Print out the data below in full and exactly, skipping the pictures.
Start of Data provided
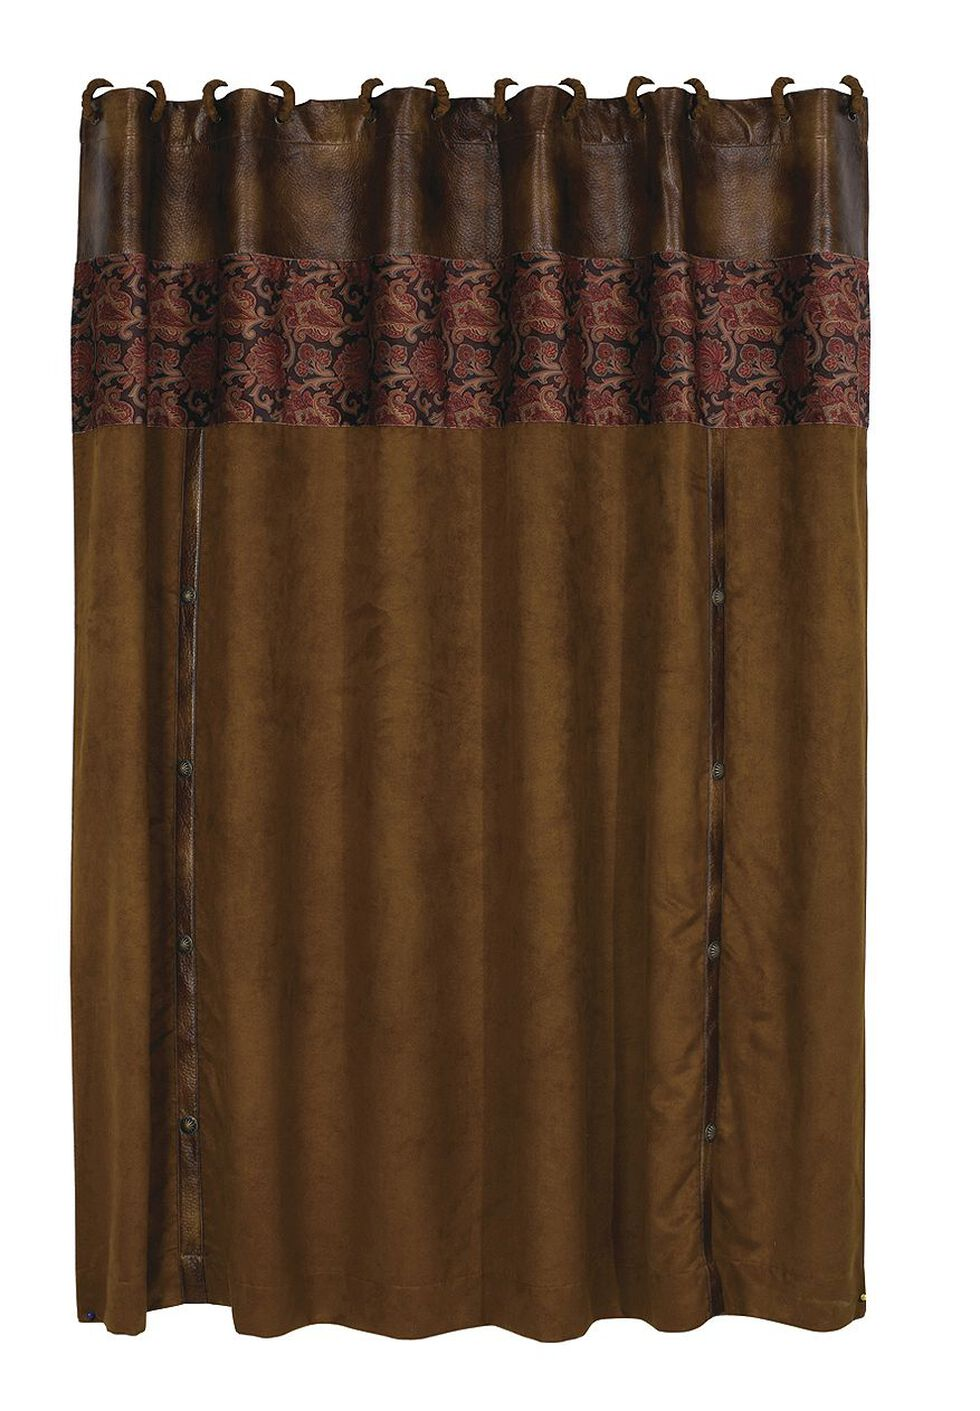 HiEnd Accents Austin Shower Curtain, Multi, hi-res
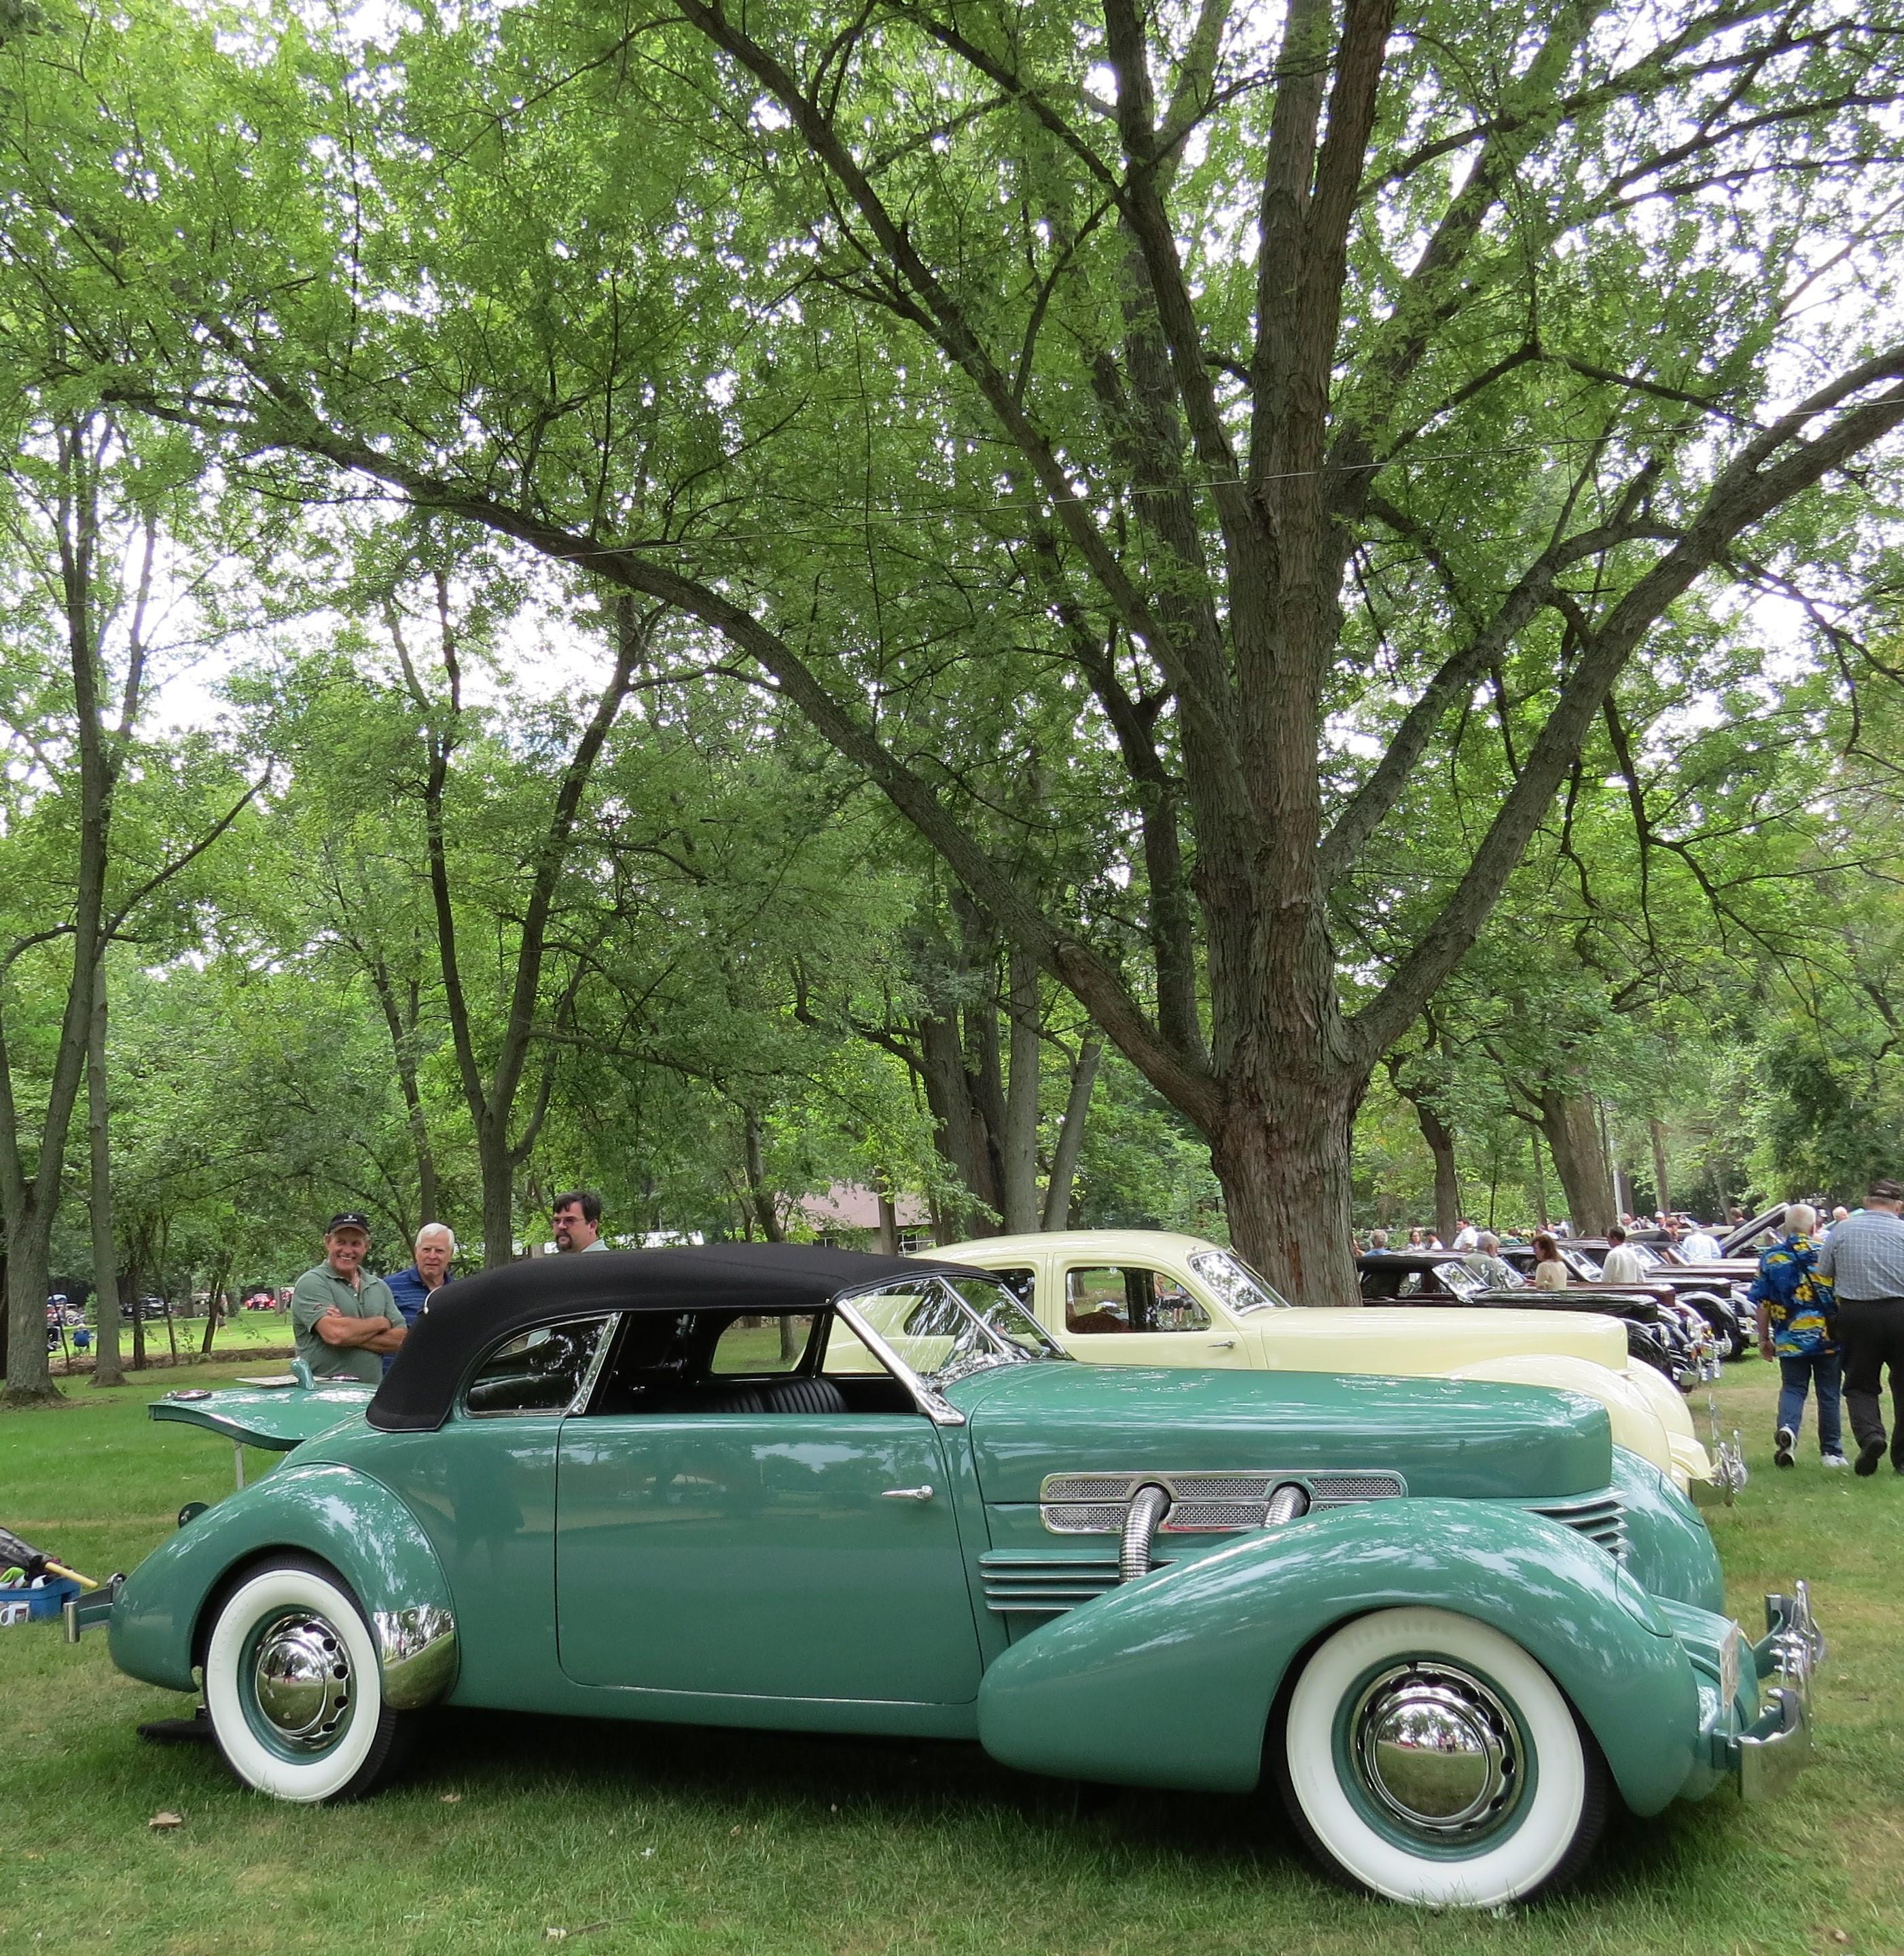 Day 138 Old Auburn. Old Cars
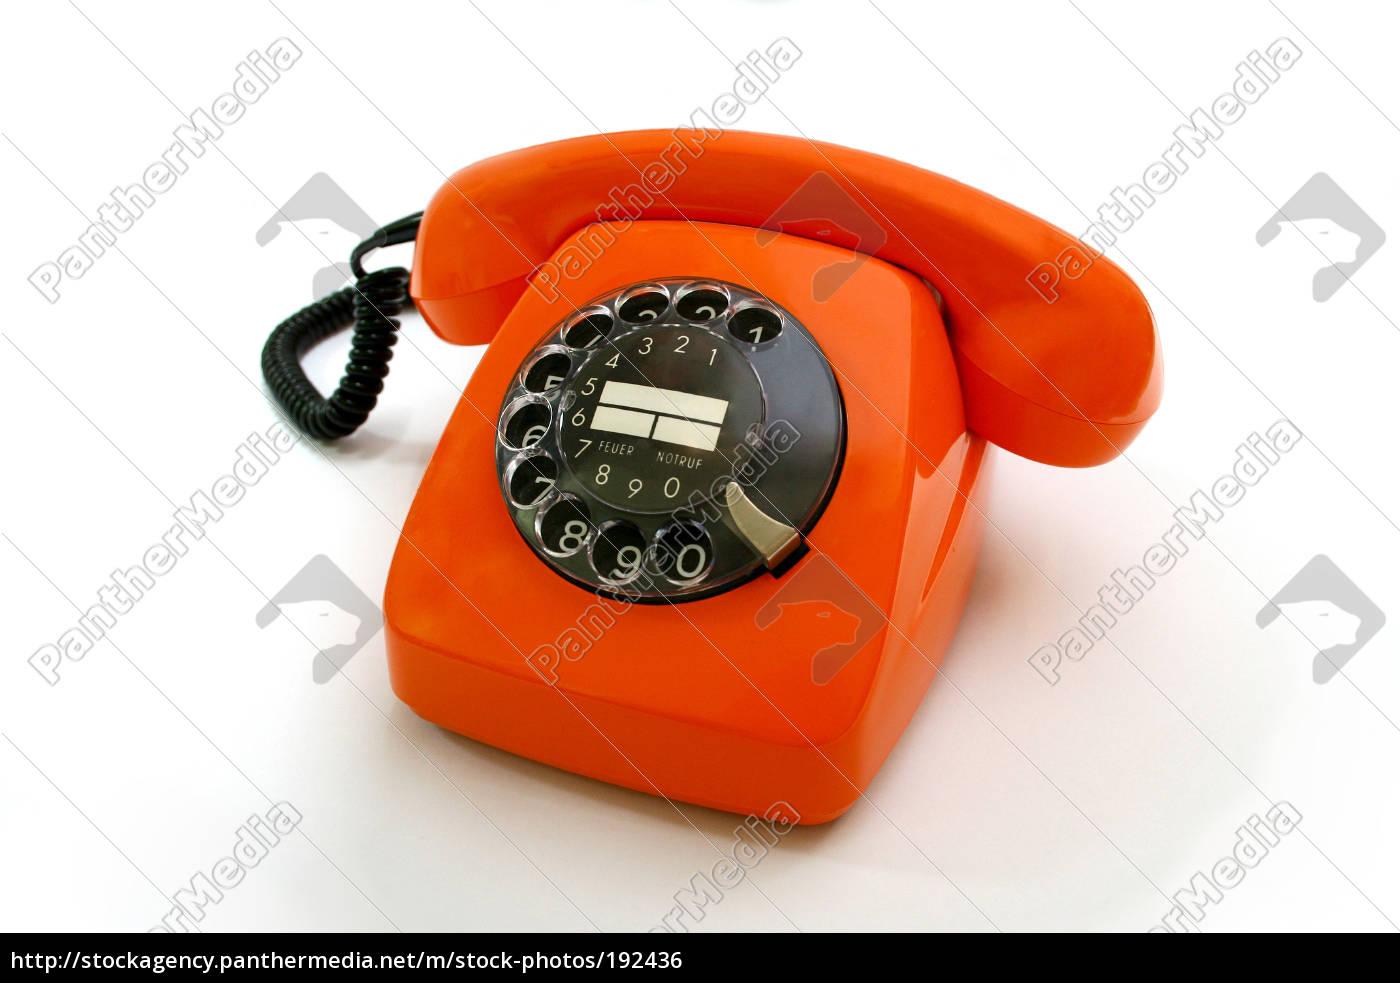 the, phone, 3 - 192436
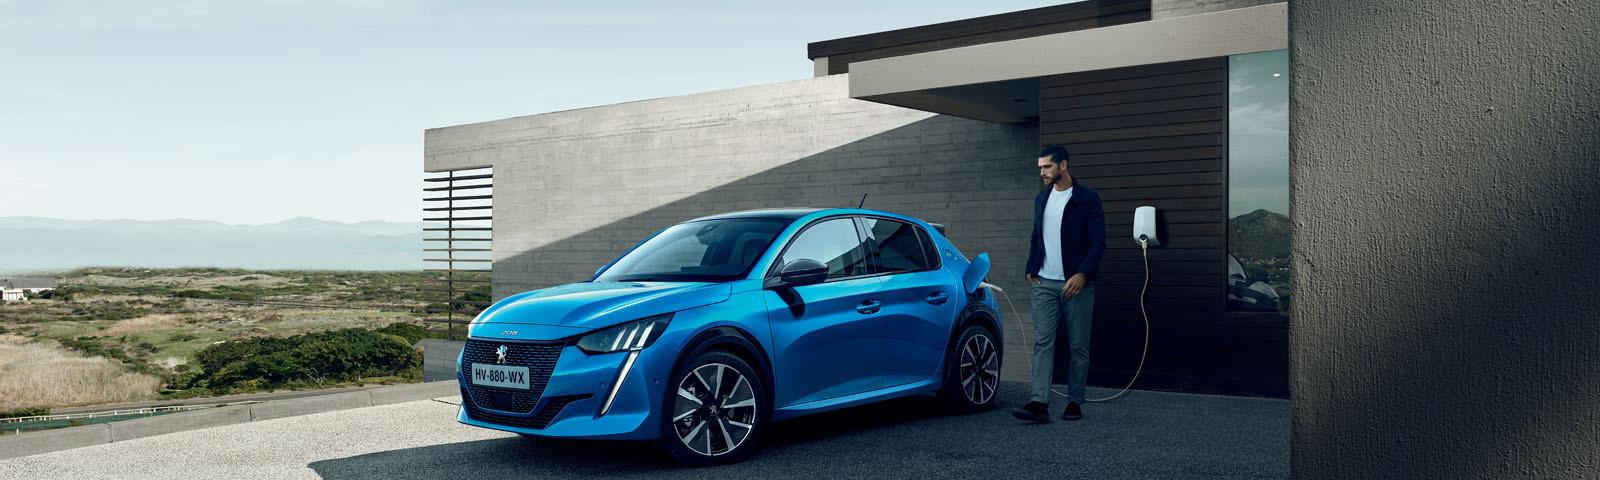 Los cinco ceros que definen al Peugeot e-208
End of Data provided
# Solution to this problem
 HiEnd Accents Austin Shower Curtain, Multi, hi-res
 Day 138 Old Auburn. Old Cars
 the, phone, 3 - 192436
 Los cinco ceros que definen al Peugeot e-208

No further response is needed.